Major companies that have banned or restricted ChatGPT in the workplace include Verizon and Amazon, and the financial sector has been heavily against it thus far: it is banned entirely at JP Morgan Chase, Wells Fargo, Bank of America, Goldman Sachs and Deutsch Bank among others. Recent Bloomberg reporting has found that nearly half of all organizations are drafting policies for acceptable workplace use of chatbots, if they have not implemented them already.
The pasting of sensitive data into ChatGPT is one of the major reasons for these policies, with executives spooked by output that has appeared to include confidential company information. Unthinking input of this sort of internal material could do everything from allow chatbots to identify patient health conditions to the world, to facilitate corporate espionage by filling in requesters on strategic plans and priorities. But another aspect is that it is far from perfect, often getting things wrong but delivering answers in such a way that it sounds absolutely certain of itself (this got it banned from StackOverflow as users generated reams of faulty code with it).
Italy is the first nation to ban ChatGPT, citing General Data Protection Regulation (GDPR) compliance concerns. The country’s data protection watchdog said that the chatbot had no means of verifying the age of users, who might then provide it with sensitive categories of personal information. It also noted that the collection and storage of potentially personally identifying information is not transparent and does not necessarily meet regulatory requirements. The door has been opened for ChatGPT to return to Italy as early as the end of this month, however, if OpenAI implements consent and age verification checks as well as a means for users to see and delete their stored data.
John Harden, Senior Product Marketing Manager of SaaS at Auvik Networks, provides some thoughts on how employees can be prepared for the use of chatbots in the office: “In today’s SaaS world, we are reliant on the vendor to maintain data integrity within their own platforms. As AI tools become more streamlined, the risks will go up, simply as a correlation to adoption. This is why it is so critical to teach people about proper practices using these tools. In many cases, when you’re not paying for a product, you yourself are the product. In the case of these AI tools, as you input information into these models and systems, you are providing data for the product to use for its next version.”

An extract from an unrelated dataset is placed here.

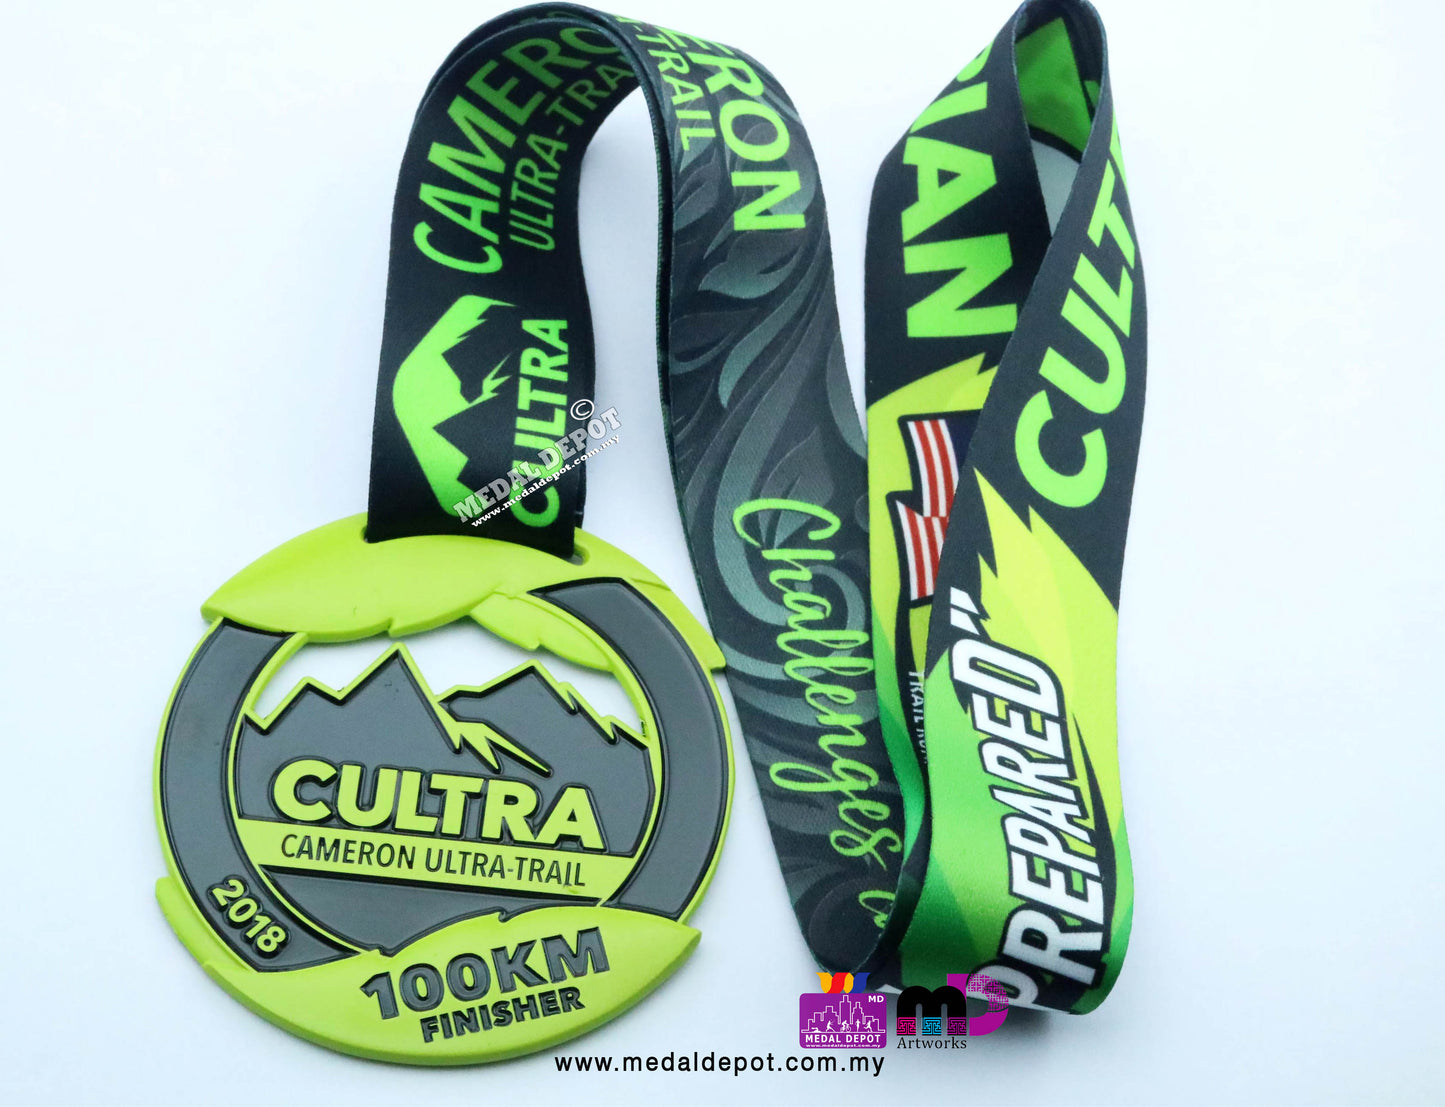 Cameron Ultra Trail 2018 CULTRA

“Employees should be cognizant on what type of data they are inputting into these AI systems and be aware that the data put into them can expose confidential and sensitive company information, and put their company’s security posture in jeopardy. IT and security leaders need to hold sessions educating employees on these tools and how they work. Without underlying understanding on how they work, such as how the data they’re putting in is used to further train the models, employees may not understand the true risks they’re exposing their organization to. ChatGPT may have eyes on it today, but rest-assured, more AI-powered technologies will emerge and it’s critical we train employees on this next wave of AI-powered SaaS and the risks shadow IT brings to an organization,” recommended Harden.